Today, the region could hardly win less of the geopolitical spotlight. A new bipolar or multipolar world order is taking shape as conflict and instability grow from Ukraine to the Middle East to the South China Sea. But Latin America finds itself squarely on the sidelines. “In this world of four,” said the former Chilean President Ricardo Lagos, referring to China, Russia, the United States, and the European Union, “we don’t exist.”

Of course, being distant from today’s major geopolitical fault lines has its benefits. Since the end of the Cold War, Latin America has seen far fewer foreign interventions—once a mainstay of the region’s politics. That has afforded Latin American governments more room for self-determination. And it has coincided with the most resolutely democratic period in the region’s history, even accounting for recent cases of democratic breakdown, such as in El Salvador, Nicaragua, and Venezuela. Across most of the region, militaries returned to the barracks, independent electoral institutions developed staying power, and politicians of all stripes accepted democratic rules of the game. Given that Latin America remains the world’s most unequal and most violent region, the resilience of its democracies is striking.

But Latin America’s position on the margins also means that it misses out on the economic opportunities and support from abroad that it desperately needs. The region faces daunting cross-border challenges no one country can solve on its own, including the spread of transnational organized crime, surges in migration, and devastating natural disasters. Latin America also has a key role to play in solving global challenges. If it fails to preserve the Amazon rainforest, which spans eight Latin American countries, the world will have no chance to rein in global warming. The region’s harvests of soy and wheat are critical to global food security. But largely neglected by the outside world, its countries are fighting transnational challenges mostly in isolation.

As competition between China and the United States intensifies, however, Latin America could wind up closer to the geopolitical center stage, with all that position’s associated dangers and opportunities. In early October, U.S. officials raised concerns with their Peruvian counterparts about the growing Chinese control over key infrastructure in the country, such as a megaport on the Pacific coast and the electricity supply to the capital, Lima. Peru’s transport minister shrugged off the warning.

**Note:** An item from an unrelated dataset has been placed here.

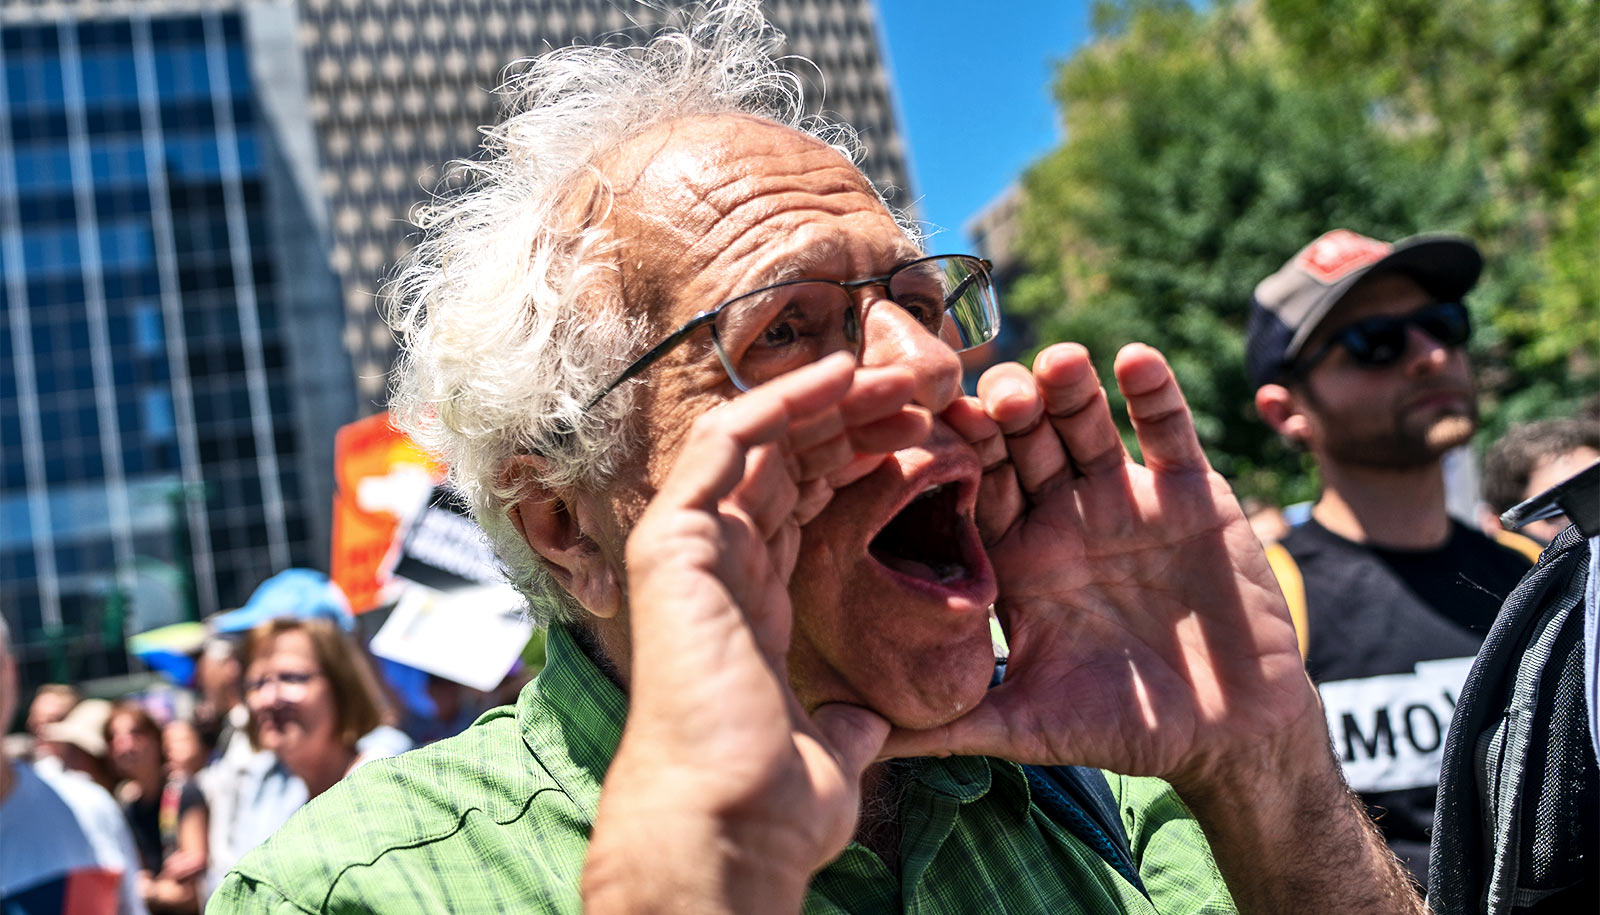 4 ways to move beyond gridlock in touchy debates

For now, analysts should not read too much into these frictions. Washington and Beijing have directed the bulk of their competitive energies to other regions. They have not attempted to exert great pressure on Latin American countries, but that restraint has also limited the ability of the region’s governments to fully exploit great-power competition and win benefits from either side. Latin America’s isolation—part blessing, part curse—will likely continue. Governments will have more leeway than ever to set their own course on key issues such as security and development but will have fewer of the international opportunities and linkages they need to deliver on their ambitious promises. Altogether, that amounts to a recipe for domestic instability.

In and Out of the Spotlight

From the era of European colonization to the end of the Cold War, external powers invaded and exerted great pressure on Latin America. But the current moment is unusual. For over three decades, the region has been left relatively alone, free to prosper, fend for itself, or simply muddle through without outside powers doing too much to tip the scales one way or another.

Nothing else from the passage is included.